Just seeds, mind you, does the sower cast into all conditions of
soil. Only the seed of the word is offered to all. The fruit of that seed is
yielded only in those who receive and tend it. Cast your seeds on rocky soil, yes,
but not your pearls before swine.
A seed is a small thing, but it is potent. Its potential is
vast, but while yet a seed, it seems insignificant. This is the nature of the
things we must say and do among those we hope to evangelize. Small things. A
brief statement of our hope and our joy in the Lord. A small act of kindness
and love.
This is the kind of sowing we can do, but I think that, as we do
it, we will always discover that there are seeds of the word already present in
every human heart. Someone has already been there! We imitate the sower, but we
are not the first sower.
Patiently listen to those who seem hell-bent on rejecting all
the things of God. Search for, in what they say and do, a seed of the word and
you will usually find it already there, begging to be tended and nurtured. That
is, they will already know something of love.
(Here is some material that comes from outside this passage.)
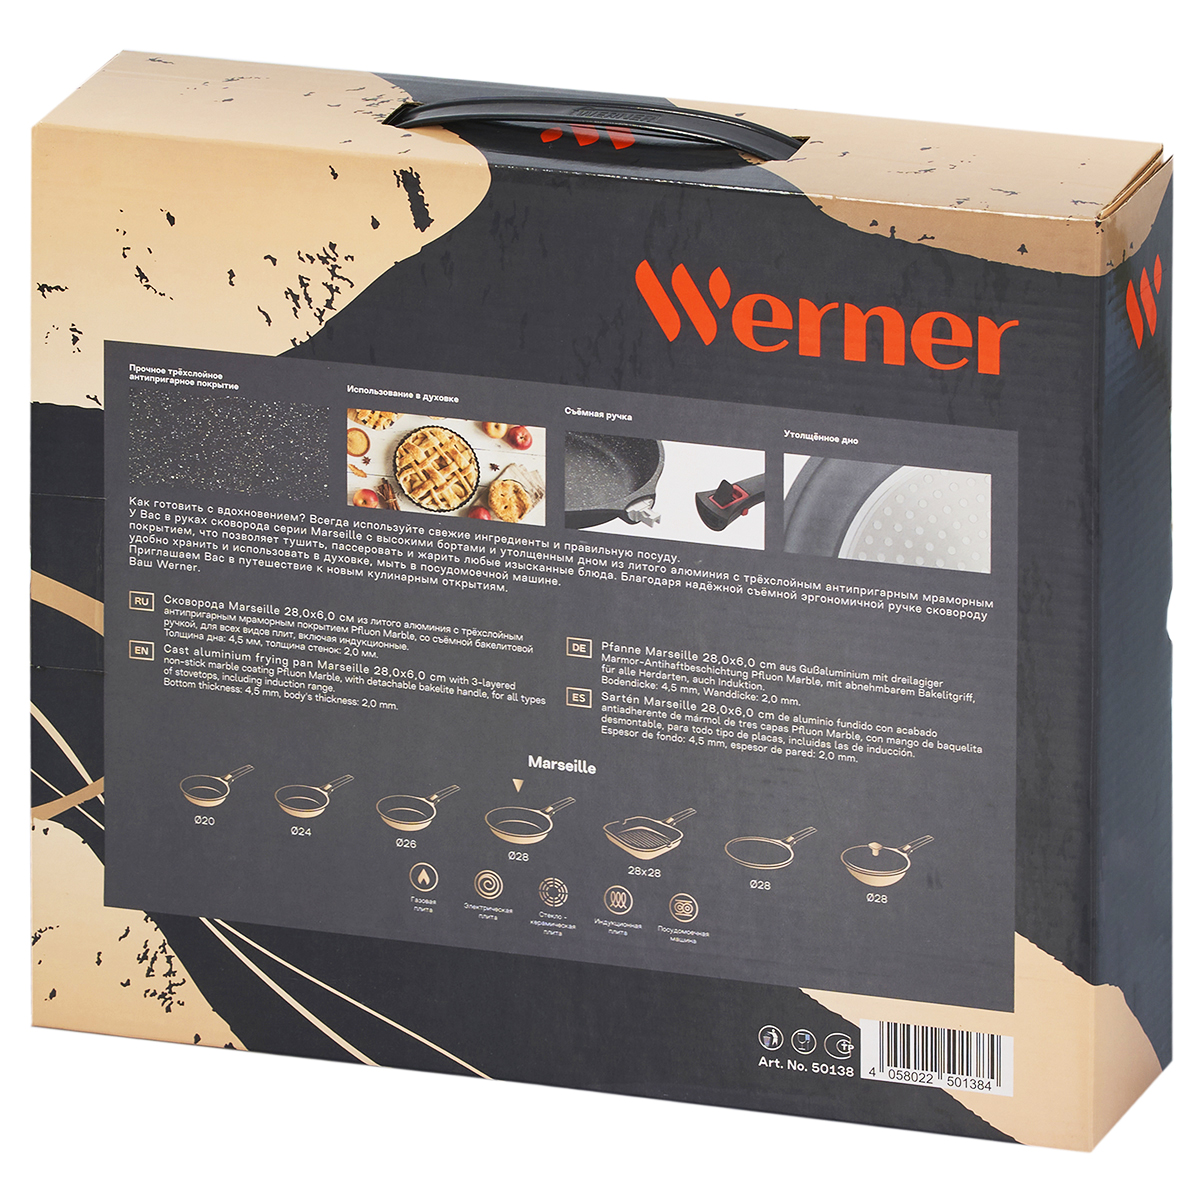 Сковорода Werner Marseille 28 см, цвет черный - фото 7
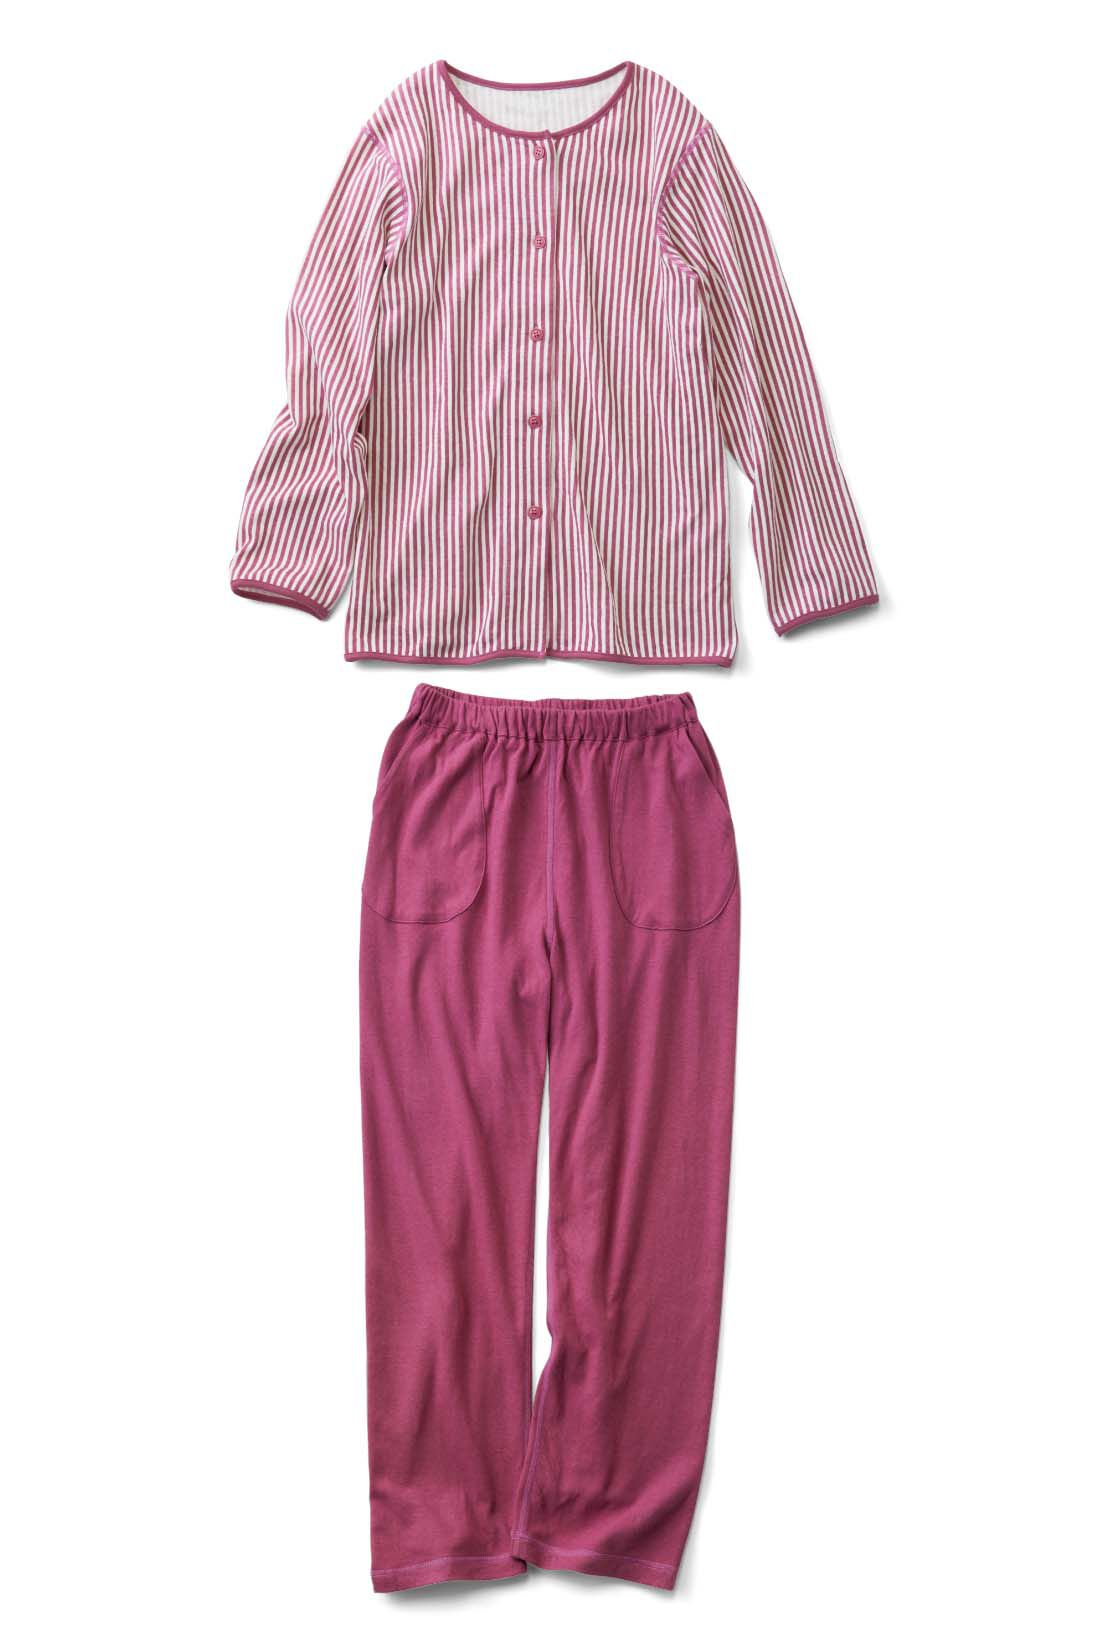 IEDIT|【おはだが気になるみんなへ】わきに縫い目がない 寝心地のよさに感動！ ふわふわ接結ガーゼパジャマ〈ピンク〉|肌にごろつかないように、ポケットも外付けに。

Everyone is loved, you know, even those who do not know they are
loved. But even those who do not know it cannot help but be influenced by the
fact of being loved. Even if it goes no further than a deep, unconscious
recognition that they ought to be
loved. That is a seed of the word. And to know that we are not made for suffering
and death is a seed of the word. On some level, everyone knows these things,
because the seeds of the word have been sown in them.
Who has sown them? Who is the sower?
John Chrysostom miniature from Liturgies of John Chrysostom and Basil the Great, Dujcev Research Centre - Sofia, Gr. 64, fol. 1v 18th century |
But I’d like to point something out. Jesus doesn’t say that the
seed is his “doctrine” exactly. He doesn’t speak of his διδαχή. He says that it is “the word of God – ὁ λόγος τοῦ θεοῦ.” The meaning is similar, but the difference is
important – because who is the Logos of God? Jesus himself! Jesus is the seed. But
if Jesus is the seed, is he also the sower? Well, why not? Jesus is the Good
Shepherd and he is also the Lamb of God. He is the high priest, and he is also
the sacrifice. So I think that he can also be both the Sower and the seed.
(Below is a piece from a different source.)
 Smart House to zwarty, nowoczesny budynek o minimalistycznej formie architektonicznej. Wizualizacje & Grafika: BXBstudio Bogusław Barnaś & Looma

Perhaps we can also understand the sower as God the Father. The Father
is the source (ἀρχή) of the word. It is of the Father that the Son is begotten
and from whom the holy Spirit proceeds. God the Father sends the word into the
world by the power of his holy Spirit.
The consummation of this
sending is the incarnation of the word. “The word became flesh and dwelt among
us.” But even before the incarnation and in every time and place, God plants
the seeds of the word.
Justin Martyr fresco by Theophanes the Cretan and his son Symeon in the Stavronikita Monastery circa 1546 |
Inasmuch as a person is on the side of truth and love, they are
already Christ’s, for our God is truth and love. Our task, then, is not only to
sow seeds but, perhaps more urgently, to tend the soil in which the Lord has
already sown the seeds of his divinity.